Thanks to Benjamin Andresen for implementing this!

git-svn-id: https://simplesamlphp.googlecode.com/svn/trunk@3092 44740490-163a-0410-bde0-09ae8108e29a
---
 modules/saml/docs/sp.txt         | 46 +++++++++++++++++
 modules/saml/www/sp/metadata.php | 85 +++++++++++++++++++-------------
 2 files changed, 97 insertions(+), 34 deletions(-)

diff --git a/modules/saml/docs/sp.txt b/modules/saml/docs/sp.txt
index 5e5c66a0c..673d69ca9 100644
--- a/modules/saml/docs/sp.txt
+++ b/modules/saml/docs/sp.txt
@@ -105,6 +105,38 @@ Here we will list some examples for this authentication source.
     ),
 
 
+### Specifying attributes and required attributes
+
+    An SP that wants eduPersonPrincipalName and mail, where eduPersonPrincipalName should be listed as required:
+
+    'example-attributes => array(
+        'saml:SP',
+        'name' => array( //Name required for AttributeConsumingService-element.

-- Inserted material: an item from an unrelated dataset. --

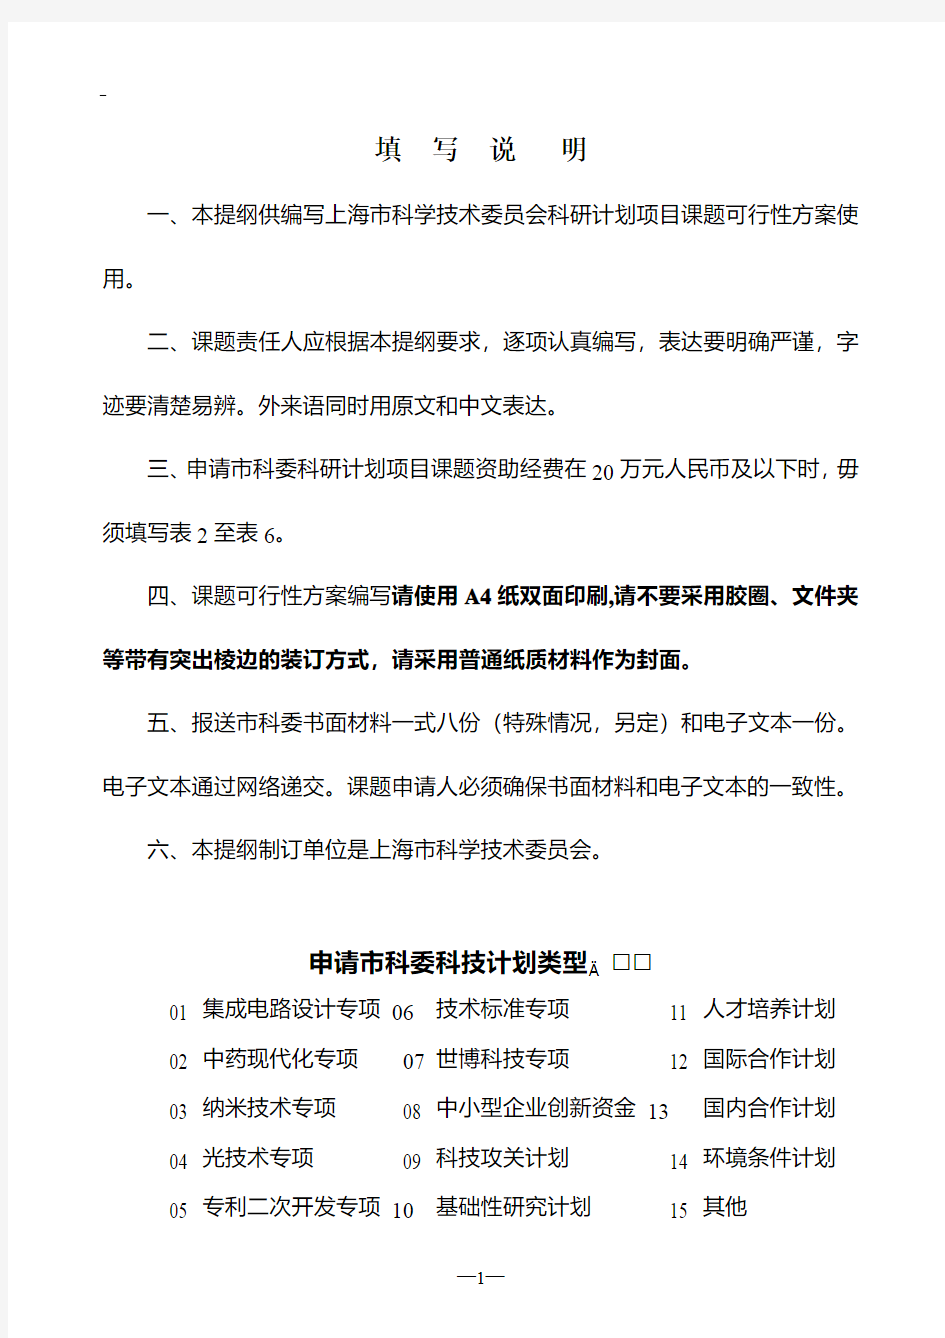 上海市科学技术委员会科研计划项目课题可行性方案

+            'en' => 'Example service',
+            'no' => 'Eksempeltjeneste',
+        ),
+        'attributes' => array(
+            'eduPersonPrincipalName',
+            'mail',
+        )
+        'attributes.required' => array (
+            'eduPersonPrincipalName',
+        ),
+        'attributes.NameFormat' => 'urn:oasis:names:tc:SAML:2.0:attrname-format:basic',
+    ),
+
+
+### Limiting supported AssertionConsumerService endpoint bindings
+
+    'example-acs-limit' => array(
+        'saml:SP',
+        'acs.Bindings' => array(
+            'urn:oasis:names:tc:SAML:2.0:bindings:HTTP-POST',
+            'urn:oasis:names:tc:SAML:1.0:profiles:browser-post',
+        ),
+    ),
+
+
 ### Requesting a specific authentication method.
 
     $auth = new SimpleSAML_Auth_Simple('default-sp');
@@ -127,6 +159,16 @@ Here we will list some examples for this authentication source.
 Options
 -------
 
+`acs.Bindings`
+: List of bindings the SP should support. If it is unset, all will be added.
+: Possible values:
+
+    * `urn:oasis:names:tc:SAML:2.0:bindings:HTTP-POST`
+    * `urn:oasis:names:tc:SAML:1.0:profiles:browser-post`
+    * `urn:oasis:names:tc:SAML:2.0:bindings:HTTP-Artifact`
+    * `urn:oasis:names:tc:SAML:1.0:profiles:artifact-01`
+    * `urn:oasis:names:tc:SAML:2.0:profiles:holder-of-key:SSO:browser`
+
 `assertion.encryption`
 :   Whether assertions received by this SP must be encrypted. The default value is `FALSE`.
     If this option is set to `TRUE`, unencrypted assertions will be rejected.
@@ -147,6 +189,10 @@ Options
 `attributes.NameFormat`
 :   The `NameFormat` for the requested attributes.
 
+`attributes.required`
+: If you have attributes added you can here specify which should be marked as required.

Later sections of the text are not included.